O meu livro predileto é Poeta en Nueva York, de Federico Garcia Lorca, escrito em 1929 e 1930, quando ele era estudante na Columbia University, que leio e releio por agora, caoticamente, numa edição espanhola da Lúmen, de 1998. Acrescento: o meu “livro” mais amado é Obra Poética completa, de Lorca. Por que o Poeta en Nueva York? Porque Lorca é, realmente, um poeta transgressivo. A transgressão está vinculada à capacidade de análise e à capacidade crítica de um autor e de uma obra e à sua capacidade de encantar, ou seja, a de permancer viva e misteriosa para além de seu aspecto mais racional e dedutível. No Poeta en Nueva York, há o choque entre uma sensilibilade católica e uma realidade protestante, o choque entre o rural e o urbano, o “conflito entre a luz e o vento”, para me valer de um verso do próprio poeta.

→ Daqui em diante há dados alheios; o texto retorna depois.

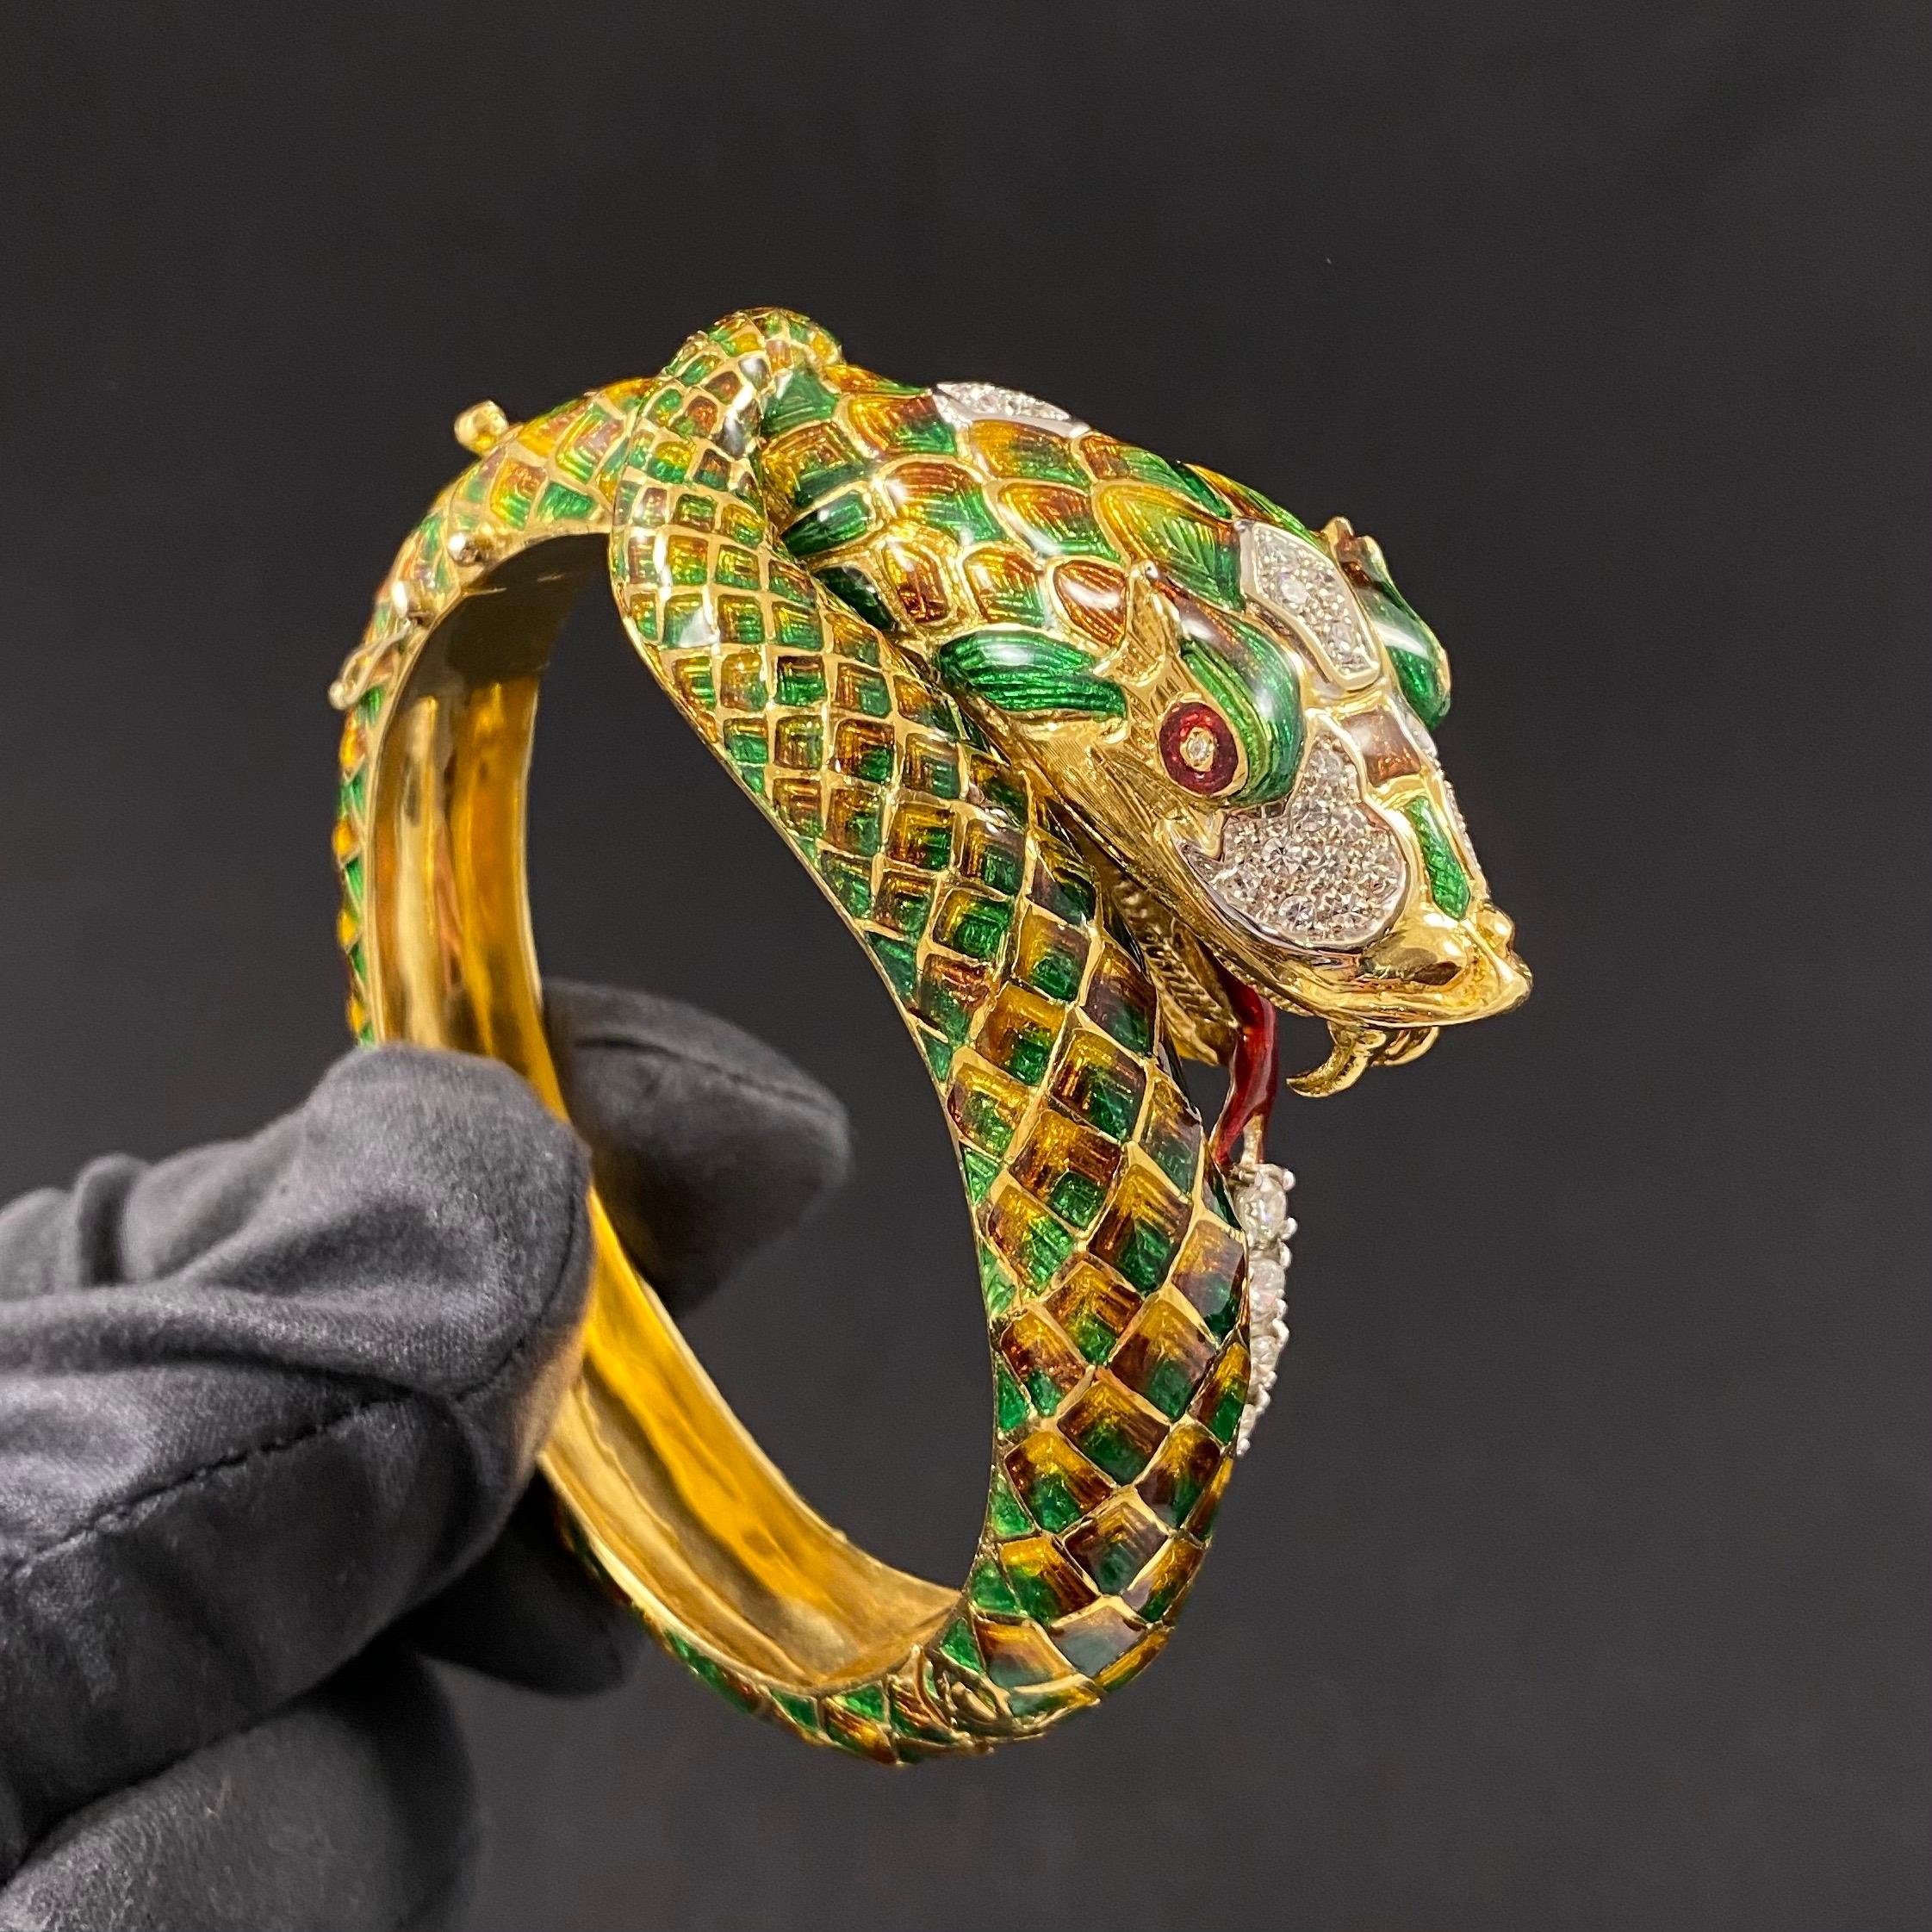 Vintage Diamond and Enamel Serpent Hinged Bangle Bracelet in 19.2kt Yellow Gold, Portugal, circa 1970. Designed as a coiled snake with the mouth open, depicted as if eating a row of four round brilliant-cut diamonds. The snake is decorated
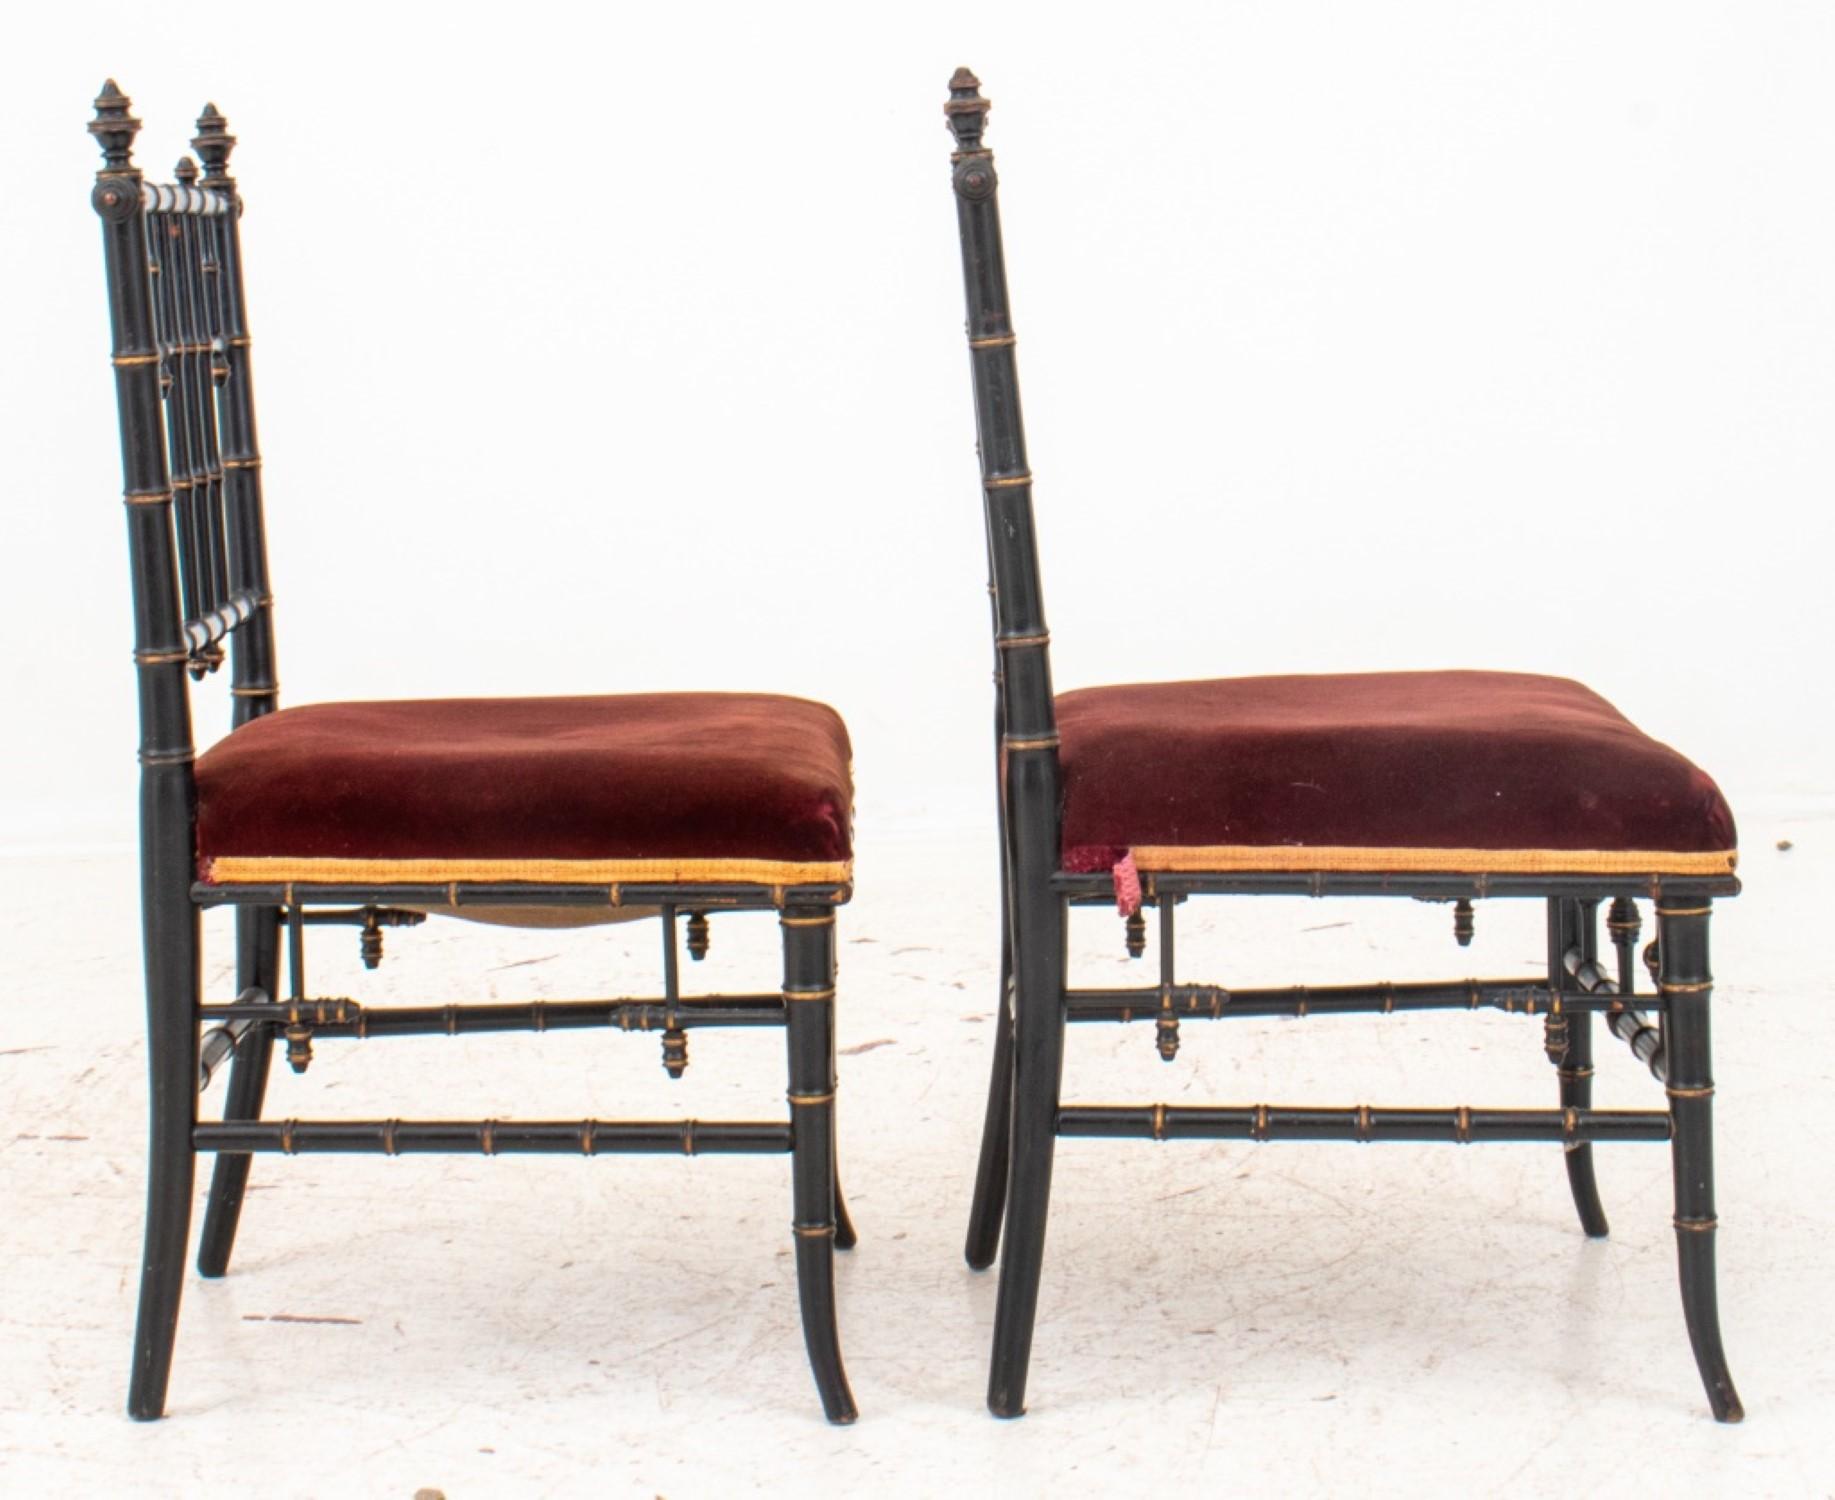 The American Aesthetic ebonized faux-bamboo side chairs are approximately 30.5 inches in height, 18 inches in width, and 15 inches in depth. The seat height is approximately 15 inches.

E que poeta!; há também um testemunho: o da crise de 1929, crise paradigmática dos tempos modernos. E o encontro da mais refinada tradição ibérica de poesia com as inovações da mais “inovadora” poesia do século 20, a norte-americana (Whalt Whitman, Hart Crane, no caso específico). Na conferência que proferiu, quando da primeira leitura pública do poema, em Barcelona (se não me engano), em 1932, Lorca diz, de forma profética: “Y hoy no tengo más espectáculo que una poesia amarga”. Prestar atenção nas palavras “espetáculo” e “poesia”, aqui representando a arte, analítica, crítica e mágica. E ainda um alerta: meu poema é uma reação lírica diante de Nova Iorque e não um comentário descritivo.
Finalizo essa nota, transcrevendo um trechinho do poema “Dança da morte”, aquele onde o diretor de banco mede o “cruel silêncio da moeda”: “…Que já as cobras silvam pelos últimos andares / que já as urtigas estremecem pátios e terraços, / que já a bolsa será uma pirâmide de musgo, / e que já já lianas depois de fuzis / e muito em breve, muito em breve, muito em breve. / ai! Wall Street.”